夏微予双手和后颈在经历了剧烈疼痛之后,连知觉都迟钝了,脑袋里天翻地覆斗转星移,体力上的极限和精神上的高度紧张让他完全透支,意识陷入一片灰暗,在什么都看不清的世界里,那个诡异的钟声再次响起。
那个人在混沌中慢慢走向他,仍是看不清的整张脸,那张脸却是笑着的,发出让人毛骨悚然的声音。
张秀敏和着面,旁边放着一小把韭菜和一碗蛋液,夏思君叫唤了好长时间要吃饺子,她正在做着准备。
从她和的面量来看,早已超过了一顿的量,还够再煮一锅面条,然后蒸两屉馍。而她竟然还在考虑着是不是应该再加点面进来。这人完完全全就是水多了加面,面多了加水,没完没了就是搞不定一个面团。
夏英兰在一边看着,觉得真是受够了,叫张秀敏下厨还不如让他动手呢。那女人所能做到的最好程度也就是保证没毒没害而已,这次还非要逞能,说某某大姐跟她说了个配料,调陷好吃得可以死掉。
吃了她的手艺会死掉也确实很有可能……
“小予那个死孩子是返校了吗,他走之前怎么连说都不说一声,真是越来越不像话了!”张秀敏抹了一把汗,头上沾着面粉,把汗手继续插进面团里。

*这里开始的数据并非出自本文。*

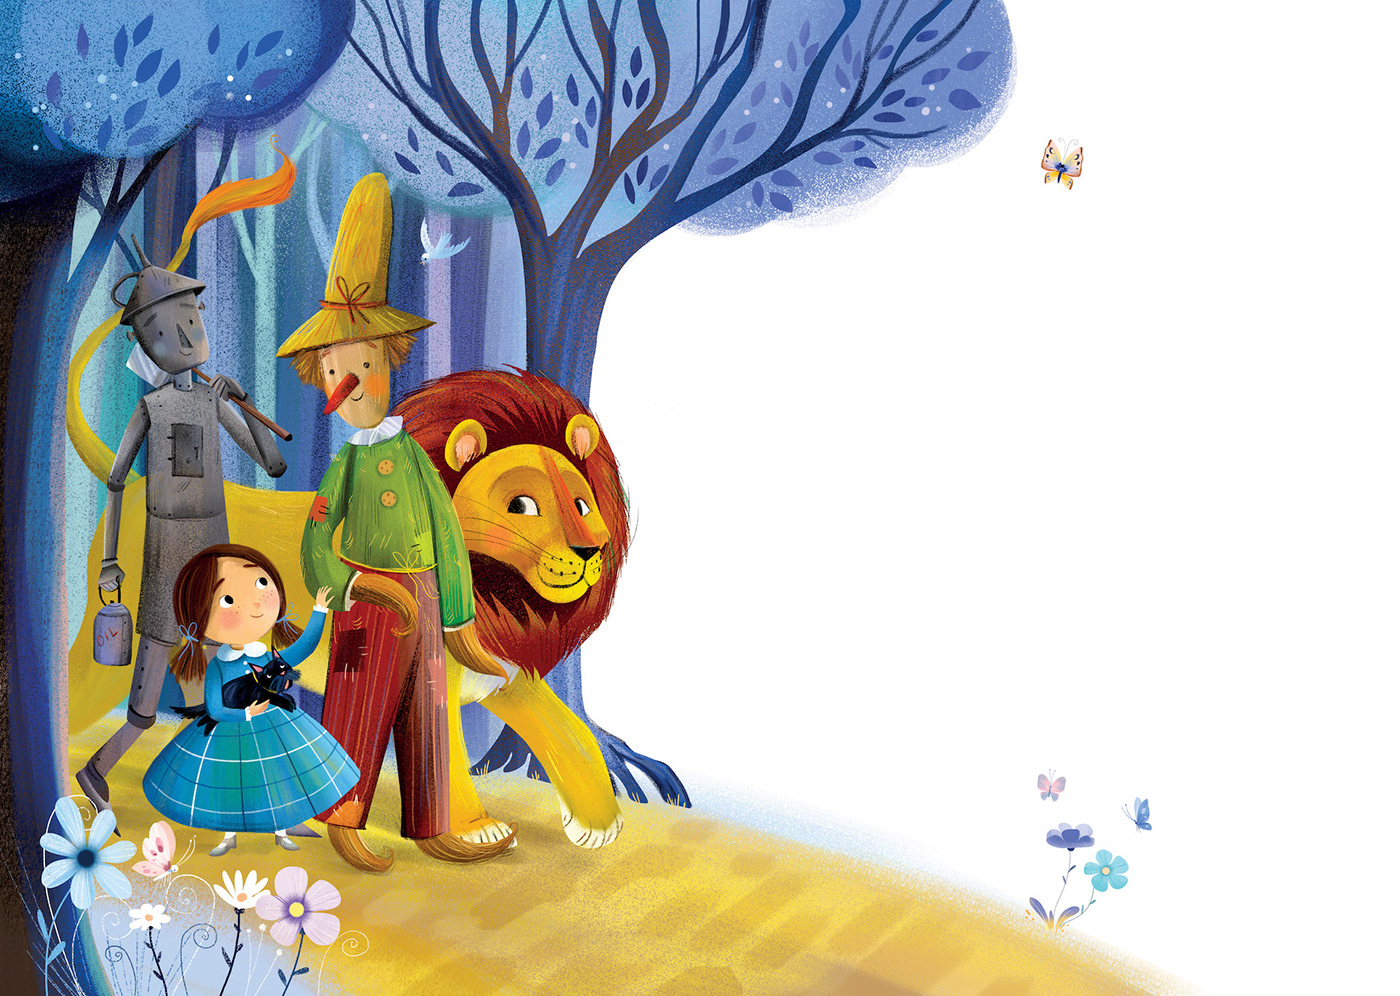 fairytale dorothy children illustration childrenbookillustration picturebook children animals scarecrow OZ wizardofoz

夏英兰看着一阵反胃,强忍不适说:“是不是跑到哪个同学家去玩了,他的包没带走,手机充电器也留在插座上。”
“能玩这么长时间啊,昨天晚上不回来也不打个电话!”张秀敏骂骂咧咧,她本来已经给夏微予安排了这几天的食谱,结果那家伙连影子都没了,她还得操持饭食,“越大越难管了,越来越不听话了,现在都学会夜不归宿了。电话也打不通,不会遇到坏人了吧?”
“他长这么大了,还能遇到什么坏人?这学期不是当什么学生会干部嘛,可能又瞎折腾去了。”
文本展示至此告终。